私は索敵に割く意識を一瞬途切れさせていた。
だから、飛び上がった背後。
地面からもう一つの頭が顔を覗かせたことに、気づかなかった。
光り輝く剣を解き放とうとした瞬間。
ようやく背後の気配に気づき、振り向いた時にはもう遅かった。
剣ごと右腕を食いちぎられ、私は地面を転がった。
やられた。
大蛇の頭は二つではなかった。三つだ。
どうやら最初に気配が分裂した時に、上手く地面に隠れたらしい。
三つ目の頭は私の腕と剣をバリバリと噛み締め、飲み込んだ。
私は何とか顔を上げて様子を伺う。
大蛇は怪我を負った頭を魔法で癒している。
その間も、一頭は油断なく私を見つめていた。
「グッ……」
片手で起きあがろうとしたが、
力が入らず折れてしまった。
何かと思えば、毒だ。
腕を持って行った牙に毒があったらしい。
鎧でも防げなかったか……と考えたが、そもそも鎧ごと食われたのだった。
急いで解毒の魔法を構築するが、その前に大蛇が動き出した。
先ほど上顎を切り離した頭は完治していた。
私を食べるため舌を動かしている。
ここまでか。
私は潔く諦めることにした。
魔法の構築をやめ、全身から力を抜く。
毒のせいだろう、息が苦しい。
むしろ、ここまでよくやったと思う。
本来なら、もっと早く終わっているはずだった。
草原に入る前、大森林を抜けたあたりから急激に悪魔が強くなり、
高い知性を持つようになった。
それから数日、よく持ち堪えた方だろう。
寒い。
鎧の効果が弱まり、外気をもろに受け始めた。
ゆっくりと、大蛇が近づいてくる。
強かった。
まさか治癒魔法を使えるとは。
悪魔の力が弱まる昼間に行動したというのに、
ここまで強力な個体が出てくるのか。
やはり、最初に接近を確認した時点で、
無理にでも強力な罠を仕掛けておくべきだった。
後悔が生じるがもう遅い。
どの道、いずれはこうなる運命だった。
この先より強い悪魔が出るのは必須なのだから。
大蛇は未だ油断なく私の周りを回っている。
獲物に動く力がないか確認するため、一頭が首を伸ばす。
それが体に辿り着く前に、私は死んだ。
大蛇は私を食べ始めた。
―――
獲物を平らげていると、その体からポロリと何やら鈍く光る玉がこぼれ落ちた。
我々はいつも通りそれを三等分にしようと試みたが、落としても、噛み砕こうとも、押し潰そうとも、一向に割れる気配がない。
仕方がないので我が頂こうとしたら、兄弟から非難の声を浴びた。
ならばどうすると問えば、やはり仕方がないから一頭に絞ろうとなった。
どうやって決めるか。
弟が駄々を捏ねた。一番痛い思いをしたから自分だと。
兄は首を振った。トドメを刺したのは自分だと。
我は異議を唱えた。獲物を引きつけたのは自分だと。
兄と我が言い争いになった。
兄は言う、弟は実際に痛い思いをしたからまだ良いが、お前は引きつけただけで、怪我はなかったではないか。
我も言う、兄こそ美味しいところを持って行っただけで、弟はまだ分かるが、我よりは狩に貢献してないではないか。

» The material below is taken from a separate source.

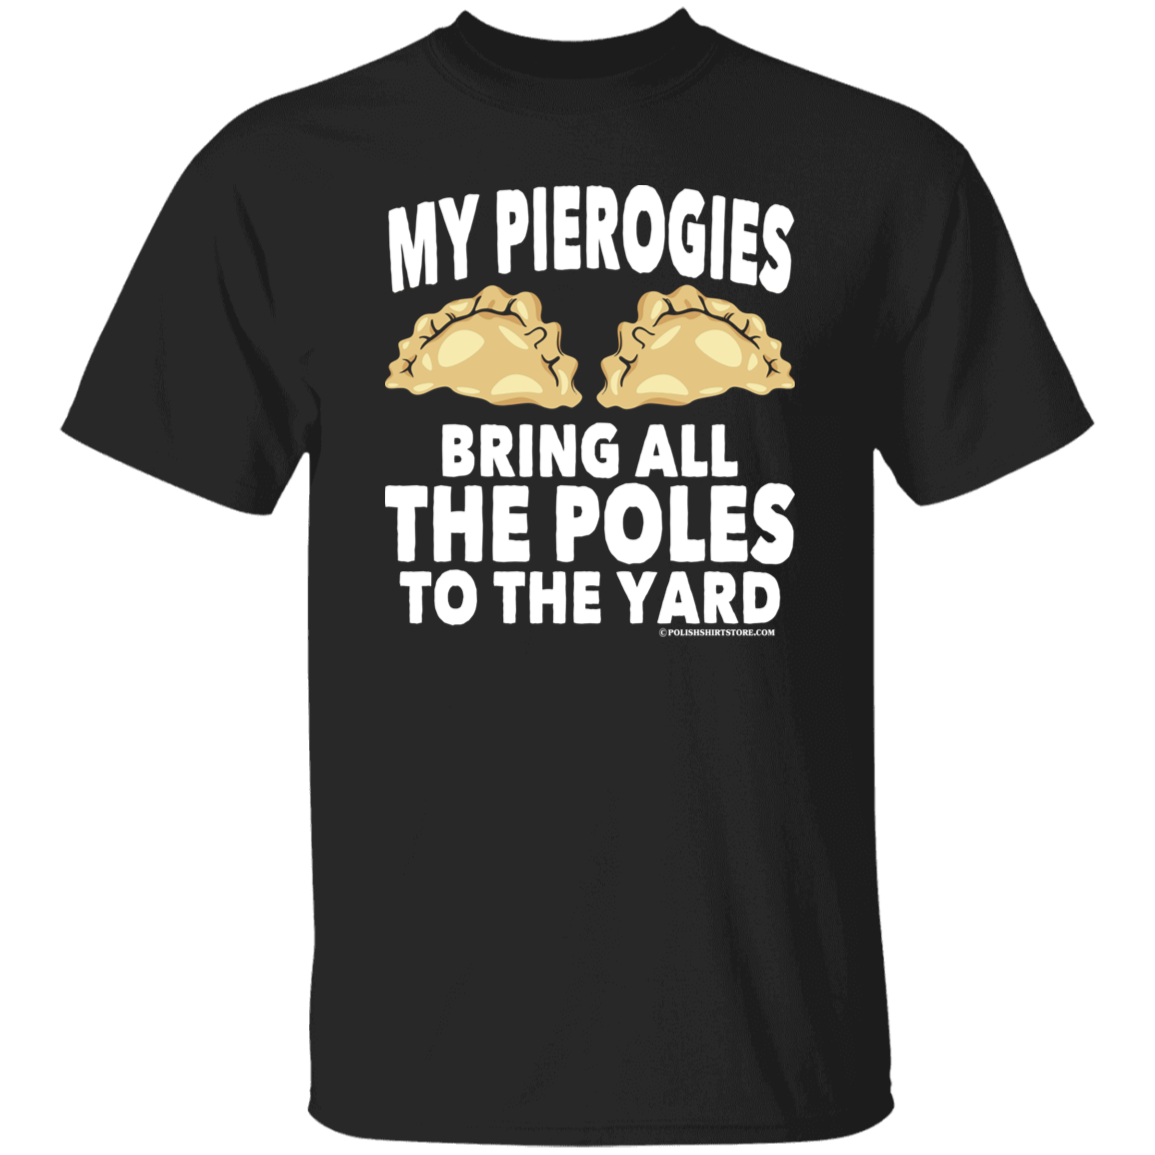 My Pierogies Bring All The Poles To The Yard Apparel CustomCat G500 5.3 oz. T-Shirt Black S

その内、争いは白熱し、我々は弟がこっそり玉を頂いたことに気づかなかった。
やがて玉がなくなったことに気がつき、我々は肩を落として巣に帰ることにした。
帰り道、弟が首が痛いと言い出した。
聞けば、あの玉を飲み込んでしまったと言う。
変な部分に引っ掛かったかと口を開けさせて覗いてみれば、あの女が裸で喉に入っていた。
―――
"復活の導玉"。
精霊が人間と異なる点は様々あるが、
最も大きく、決定的な違いはそれである。
精霊は復活の導玉と呼ばれる核を破壊されない限り、死ぬことは無い。
悪魔が倒してもいずれは復活するように、
精霊も近くにあるエネルギーを吸って復活できる。
それでも完全な不死の力では無いが、精霊の強さの所以である。
「この旅で、復活はこれが初めてだな……」
私は傷を癒しながら、一人呟いた。
後ろでは大蛇の死骸が燃えている。
予想よりは奥まで来れたが、ここからは更に気を引き締めていかねばならない。
だいぶ時間を使ってしまった。
この魔法の炎は雨の中でも弱まることなく燃えるが、死骸の処理にはやはり時間がかかる。

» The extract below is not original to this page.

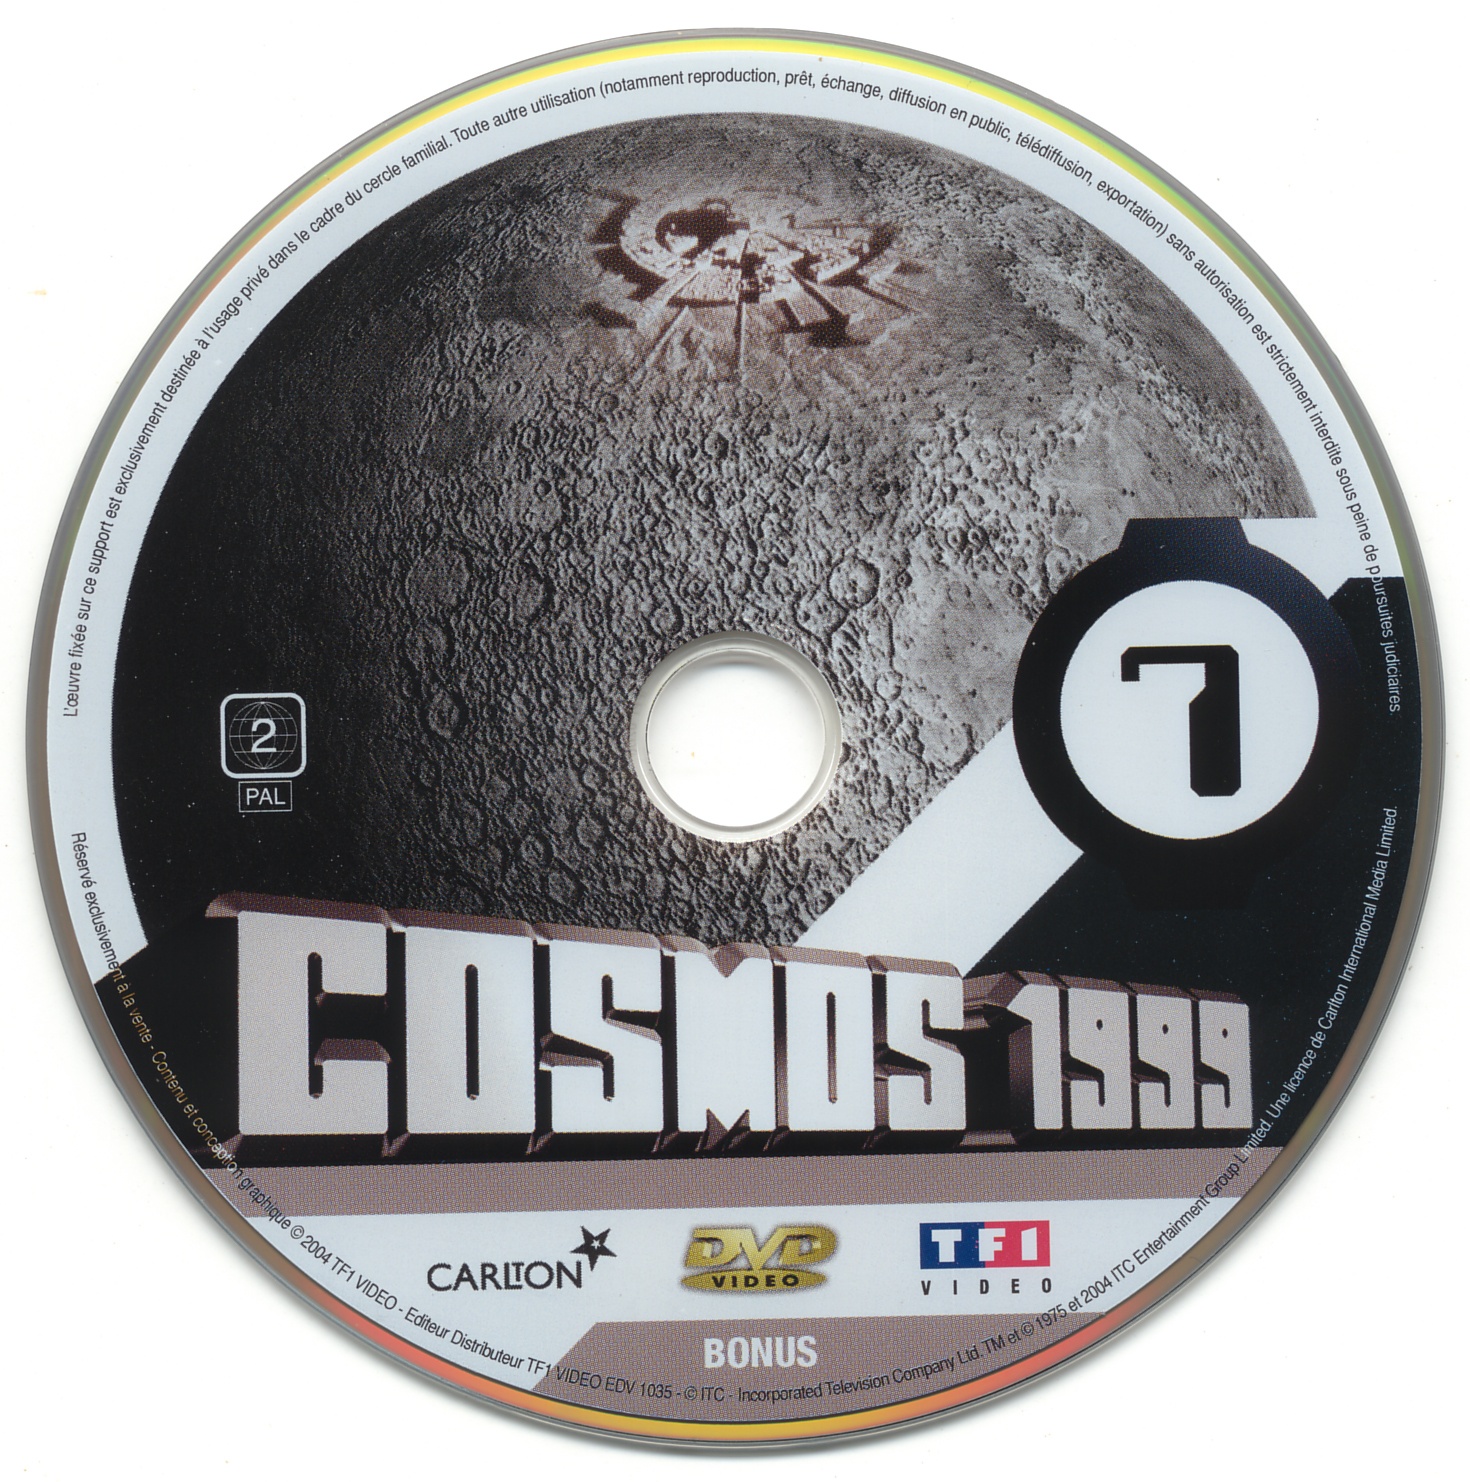 Cosmos 1999 saison 1 BONUS

同じ場所に長時間居続けるほど、悪魔が集まる可能性も高くなる。
「……あぁ」
やはりと言うべきか、悪魔が集まり出していた。
私は立ち上がって戦いの準備を始める。
傷は癒えきっていないが仕方がない。
もうひと踏ん張りだ。
その日の夜。
戦いを終え、安全地帯を確保し、休息を取る前に。
ふとした不安に駆られ、夜空を見上げていると。
流れ星がキラリと、北に向かって一筋流れた。
そこで私は思い出す、これが最後の使命なのだと。
これを終えれば自由の身。
人間のために、あと少し頑張れば、外の世界へ行けるのだ。
魔城を落とし、人間を悪魔から救う。
そして、胸を張って200年の使命を終える。
私は自分の覚悟を確かめつつ、浅い眠りについた。